Each line of the data below should be restated exactly, with images left out.

• _Data section_:
-- Opening Marker --

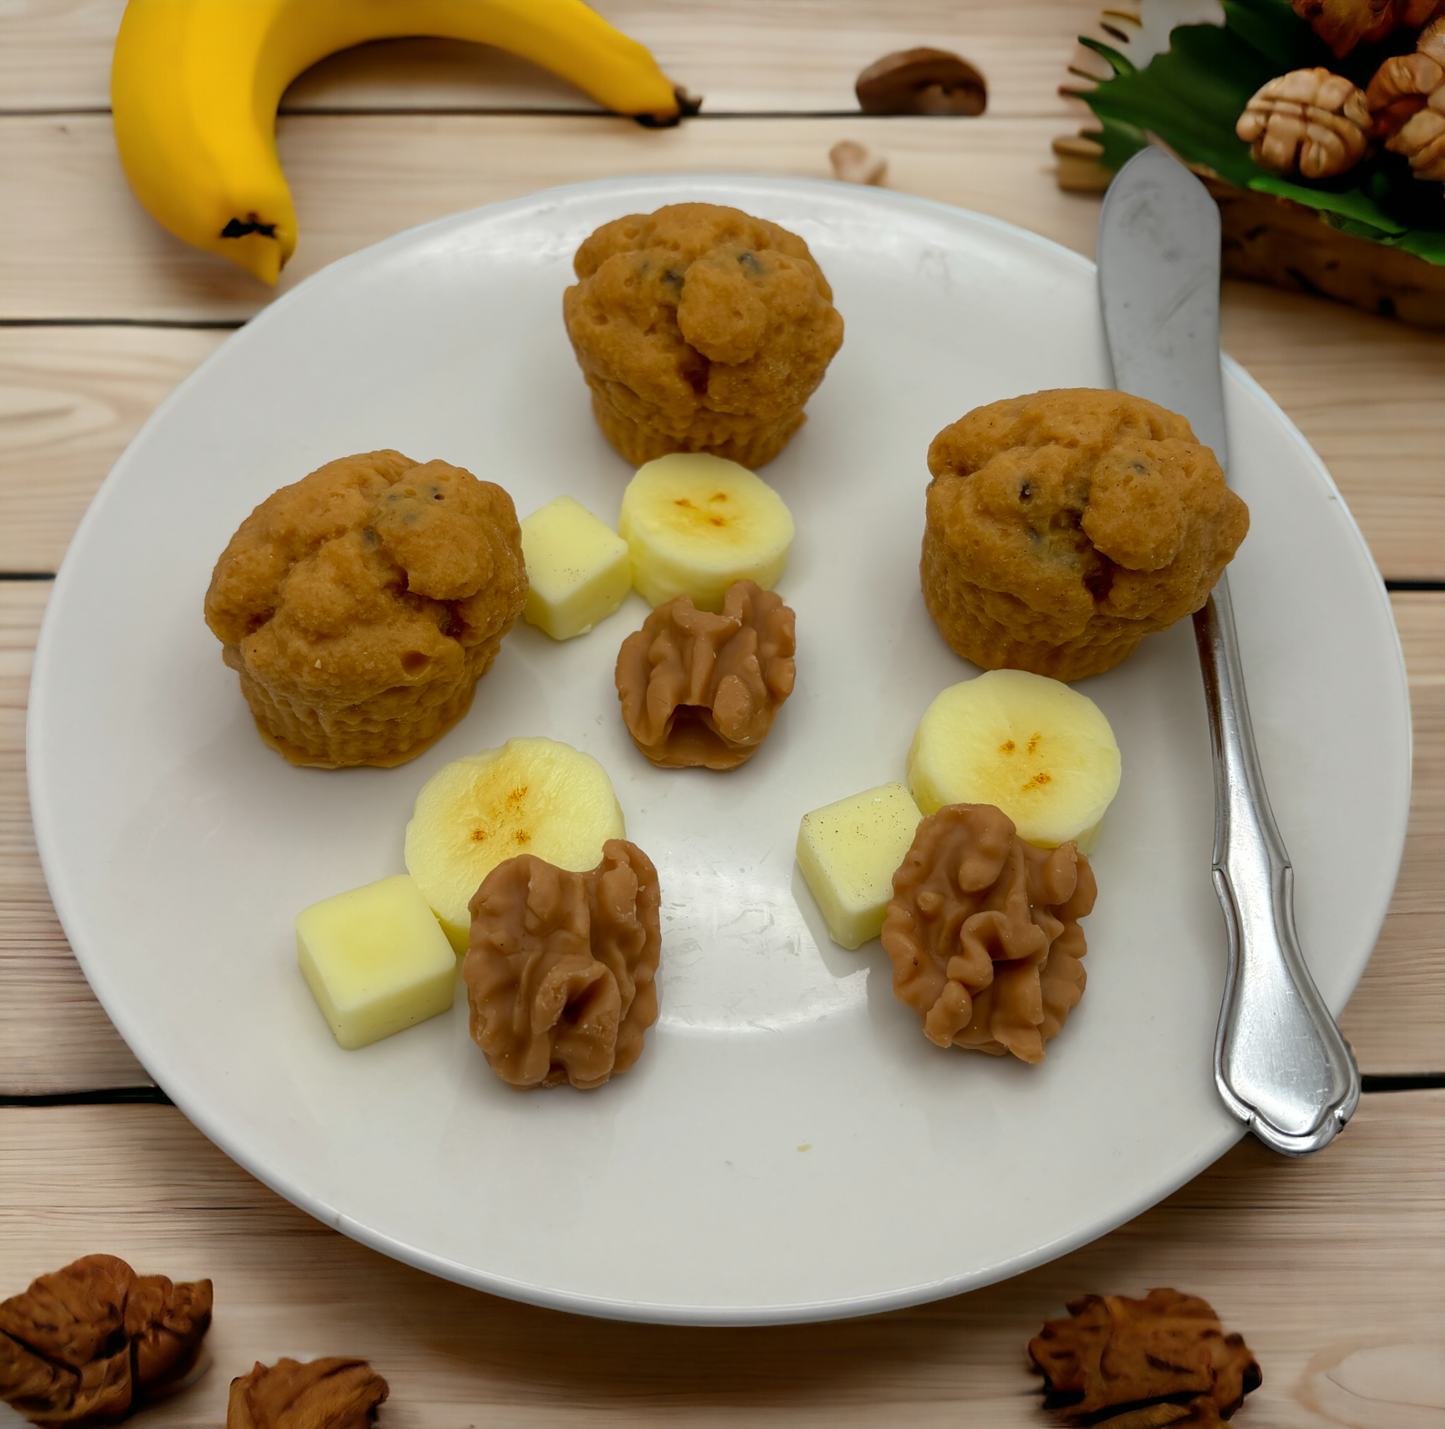 Small Banana Nut Muffin Wax Melts/Bananas, Walnuts, Muffins, Butter Wax Melts/Soy Wax Melts/Strongly Scented Wax Melts/Wax Tarts for Wax Warmers. 4.85 oz.
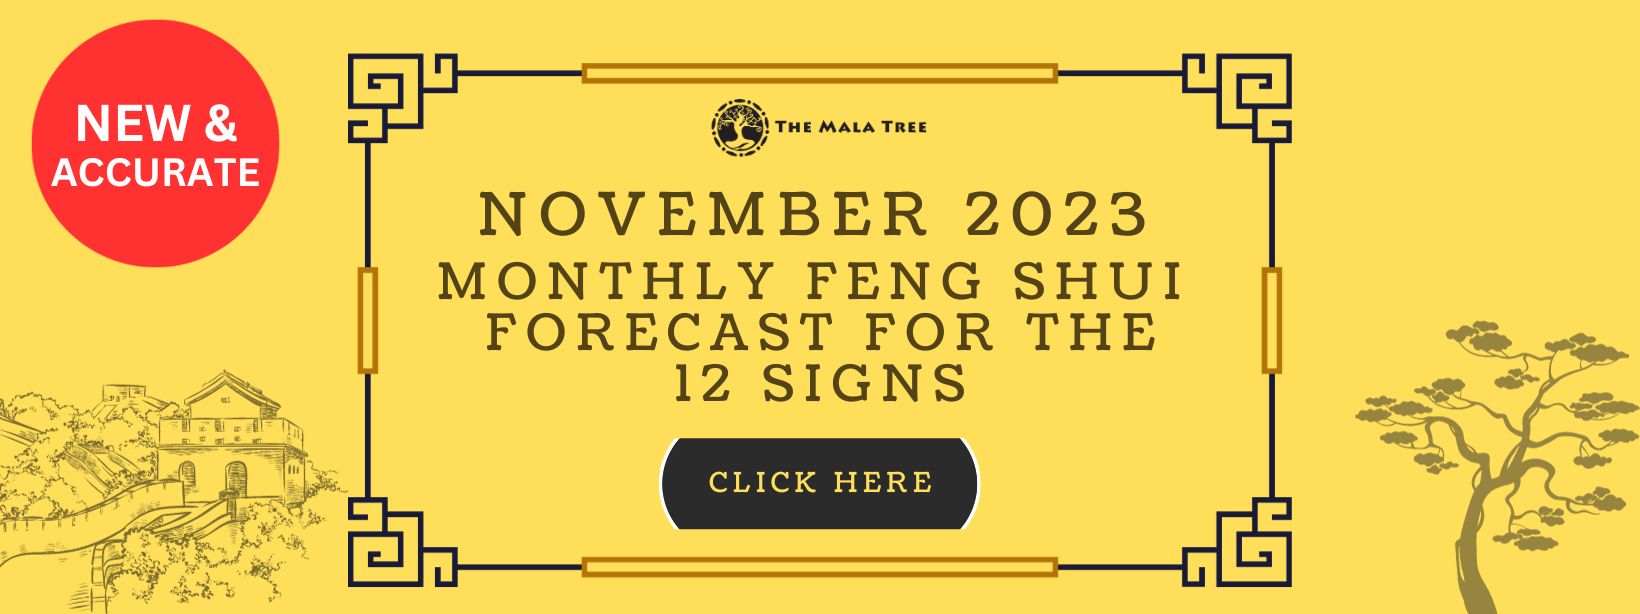 November 2023 Monthly Feng Shui Forecast
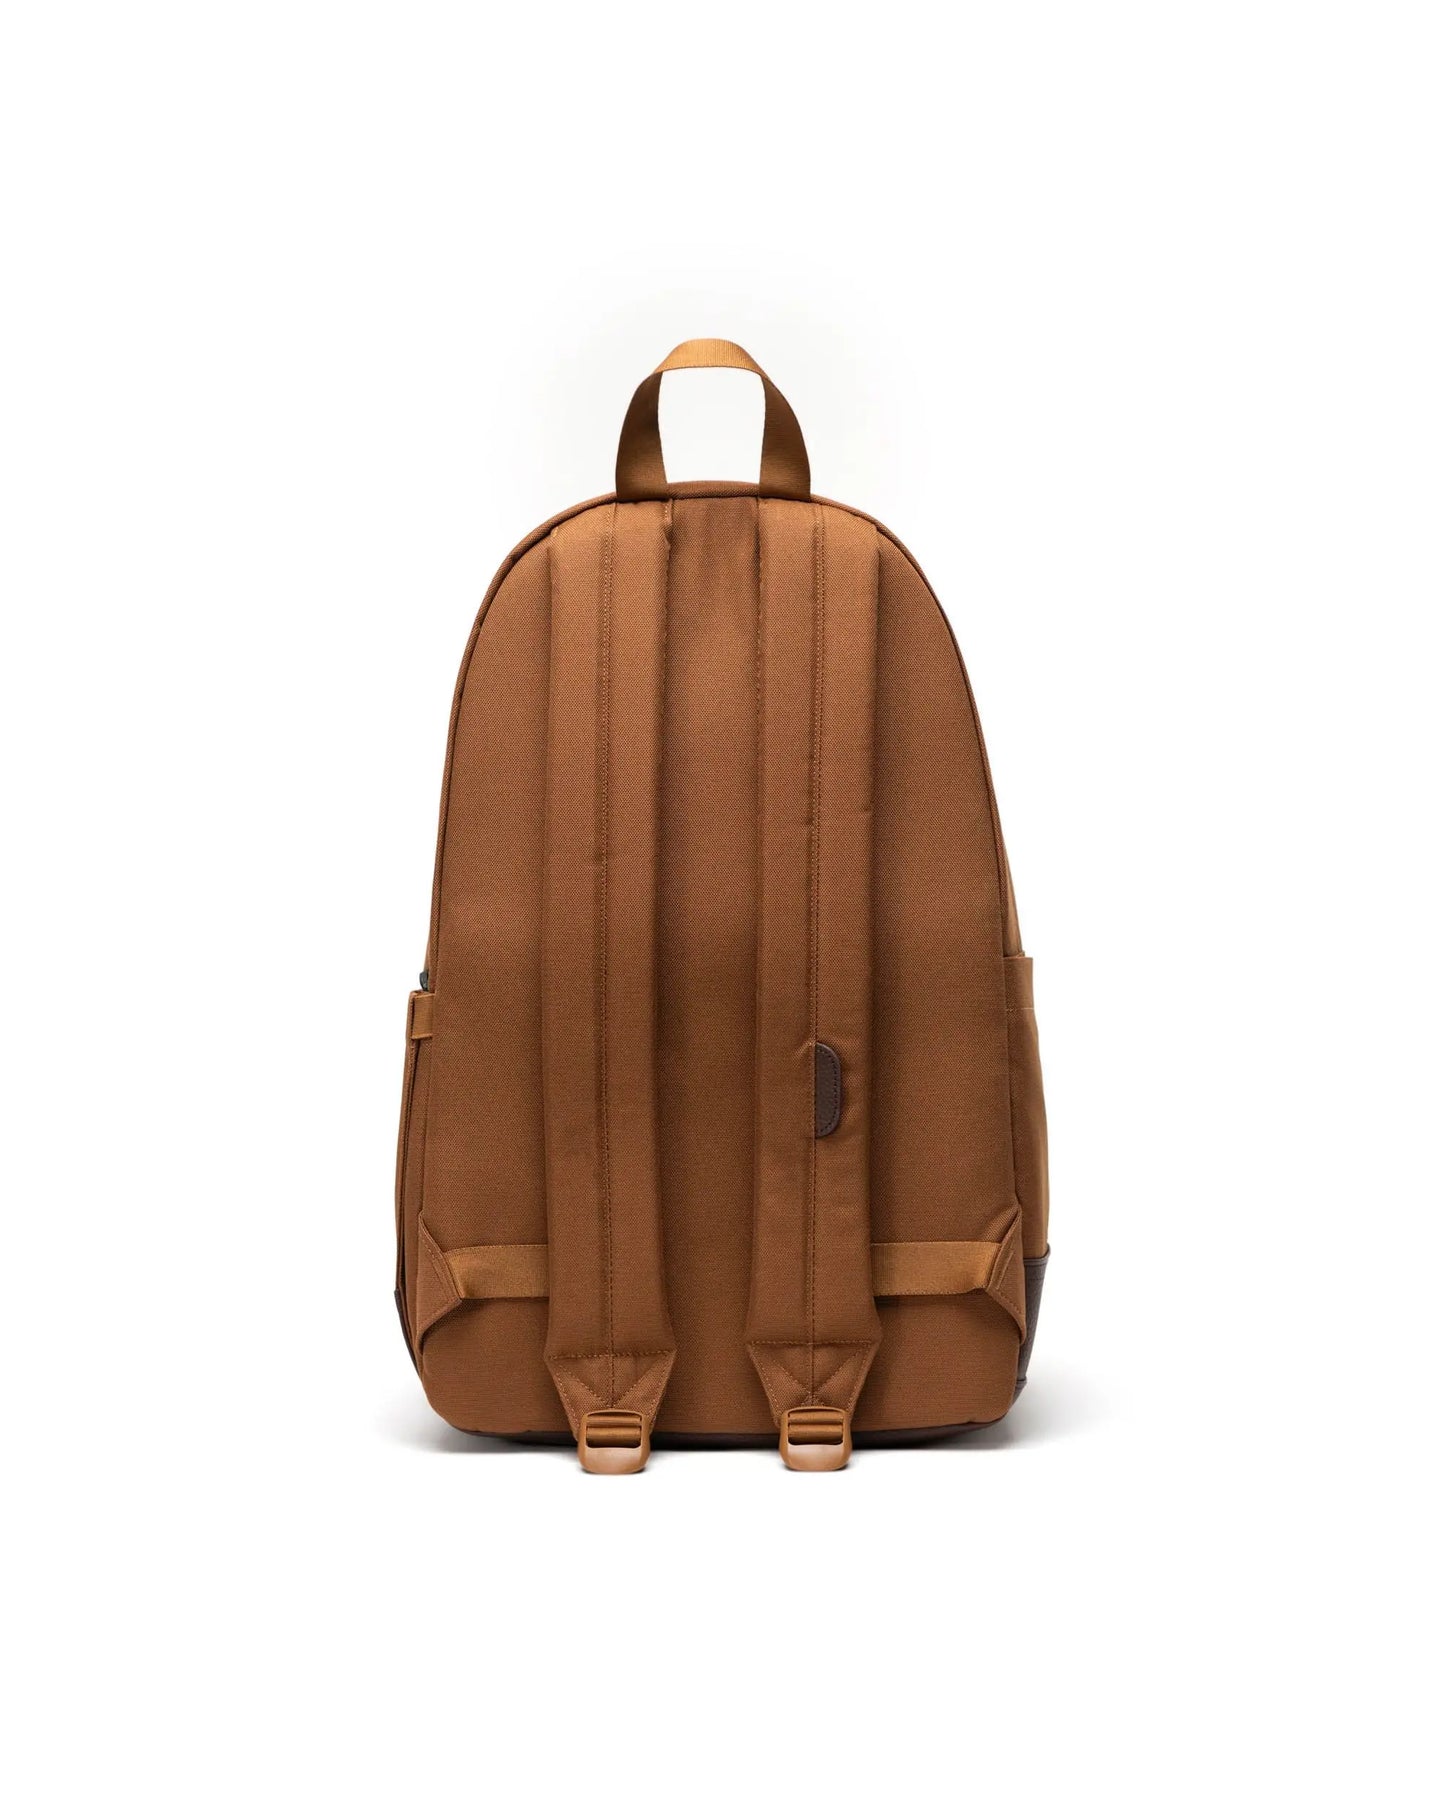 Herschel Heritage Backpack - Rubber/Chicory Coffee

-- Closing Marker --

• _Exercise output_:
 Small Banana Nut Muffin Wax Melts/Bananas, Walnuts, Muffins, Butter Wax Melts/Soy Wax Melts/Strongly Scented Wax Melts/Wax Tarts for Wax Warmers. 4.85 oz.
 November 2023 Monthly Feng Shui Forecast
 Herschel Heritage Backpack - Rubber/Chicory Coffee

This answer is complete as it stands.